The most interesting information that you can learn about is the subjectivity of another human being. If somebody can do something, we want to model that behavior and our models are of subjective experience. "What does she do inside her head that I can learn to do?" I can't instantly have her years of experience and the fine tuning which that produces, but I can very rapidly get some great information about the structure of what she does.

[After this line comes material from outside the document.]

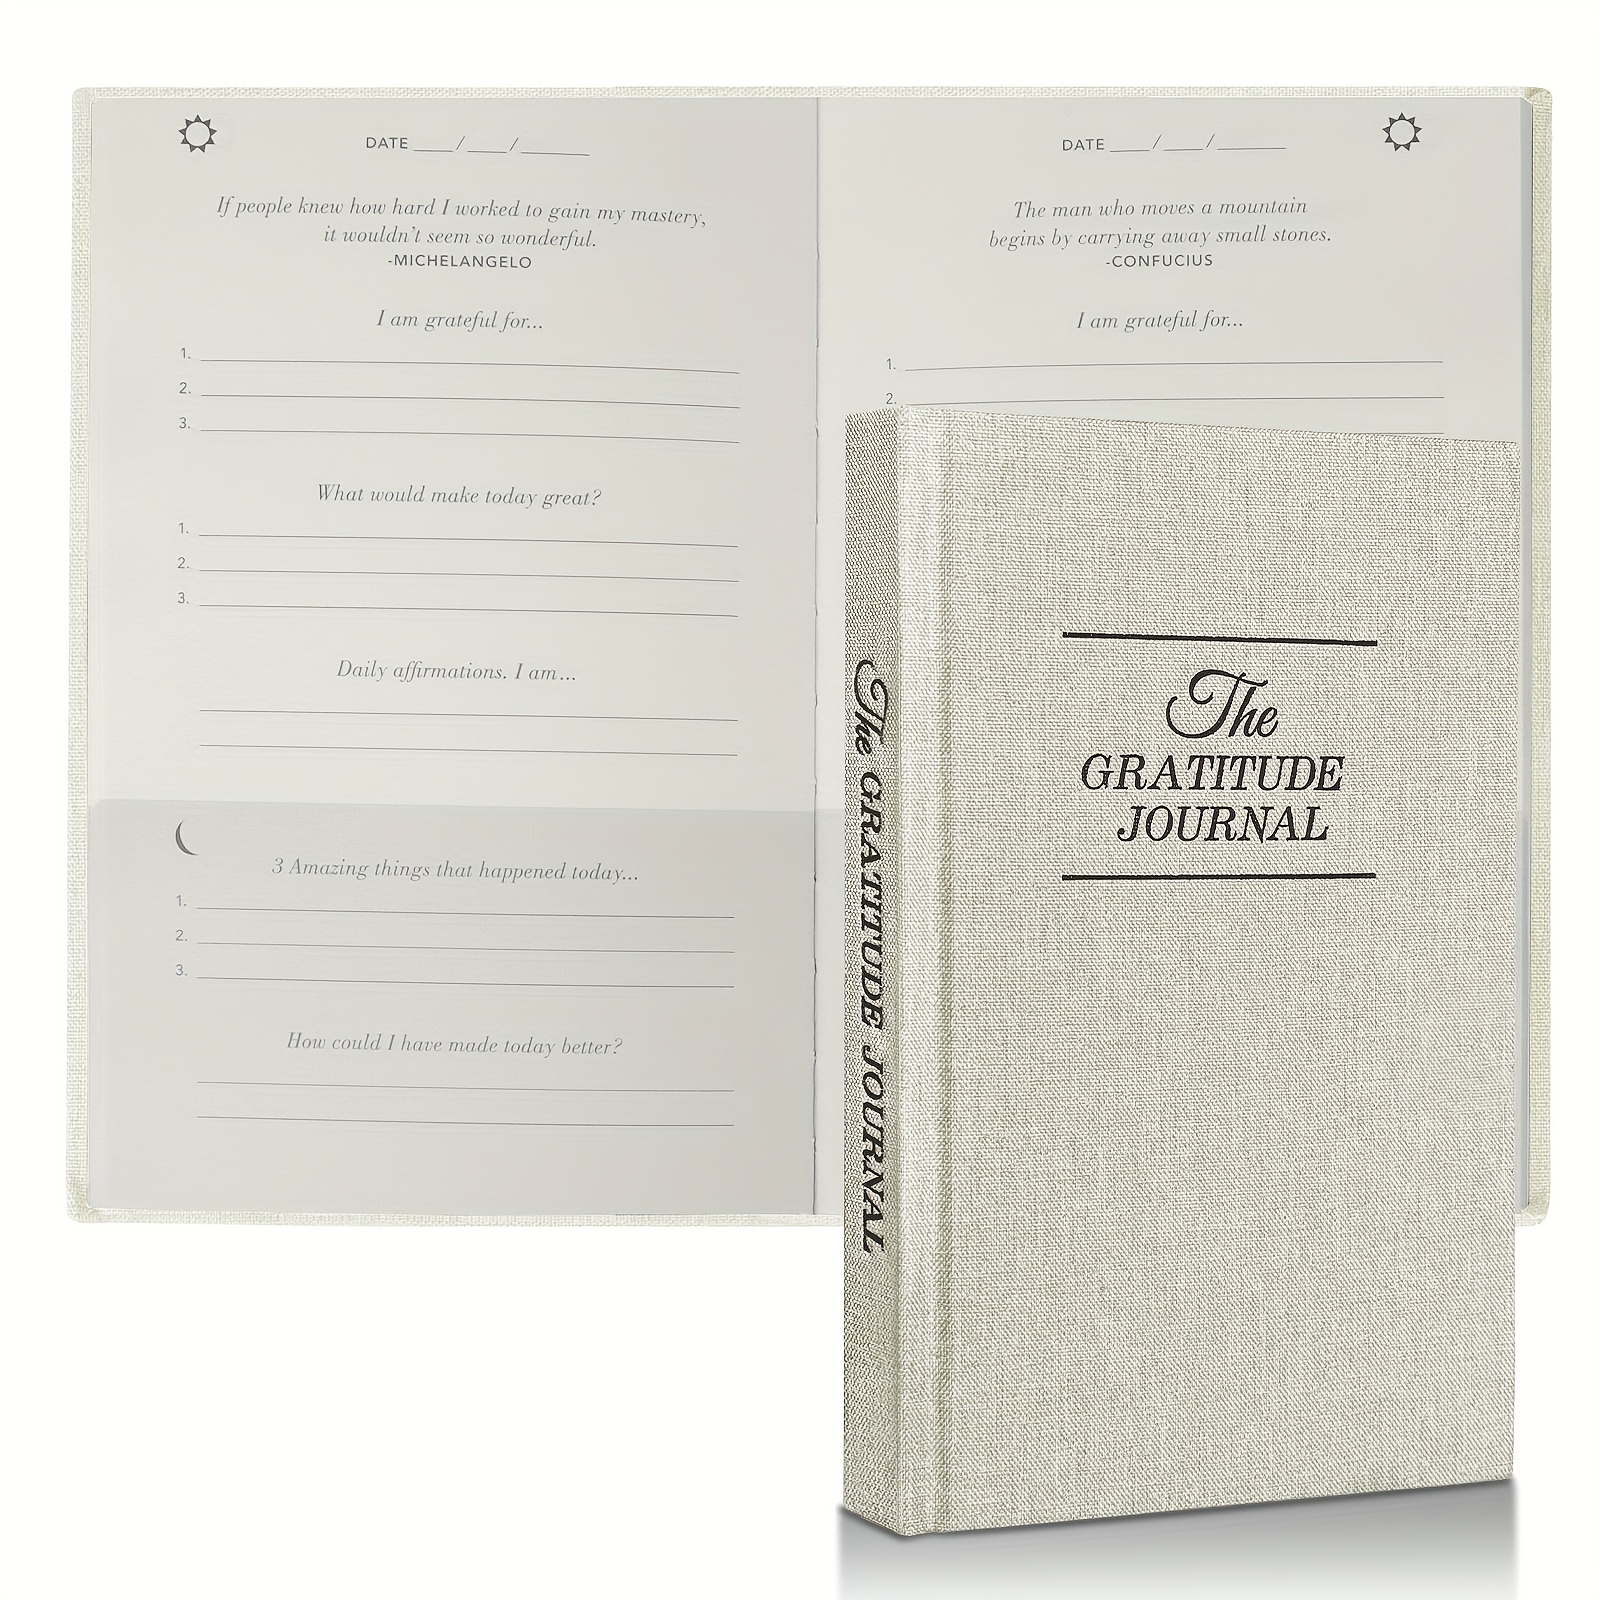 

The Gratitude Journal: 5 Minute Journal - Daily Affirmations With Simple Guided Format - Undated Life Planner, 5 Minute Guide Daily Planner, For More Happiness, Positivity, Affirmation

When I first started modeling, it seemed logical to find out what psychology had already learned about how people think, But when I looked into psychology, I discovered that the field consisted primarily of a huge number of descriptions about how people were broken. There were a few vague descriptions of what it meant to be a "whole person," or "actualized," or "integrated," but mostly there were descriptions about the various ways in which people were broken.

The current Diagnostic and Statistical Manual HI used by psychiatrists and psychologists has over 450 pages of descriptions of how people can be broken, but not a single page describing health. Schizophrenia is a very prestigious way to be broken; catatonia is a very quiet way. Although hysterical paralysis was very popular during World War I, it's out of style now; you only find it occasionally in very poorly–educated immigrants who are out of touch with the times. You're lucky if you can find one now. I've only seen five in the past seven years, and two of them I made myself, using hypnosis. "Borderline" is a very popular way to be broken right now. That means you're not quite nuts, but not quite normal, either — as if anyone isn't! Back in the fifties, after The Three Faces of Eve, multiple personalities always had three. But since Sybil, who had seventeen personalities, we're seeing more multiples, and they all have more than three.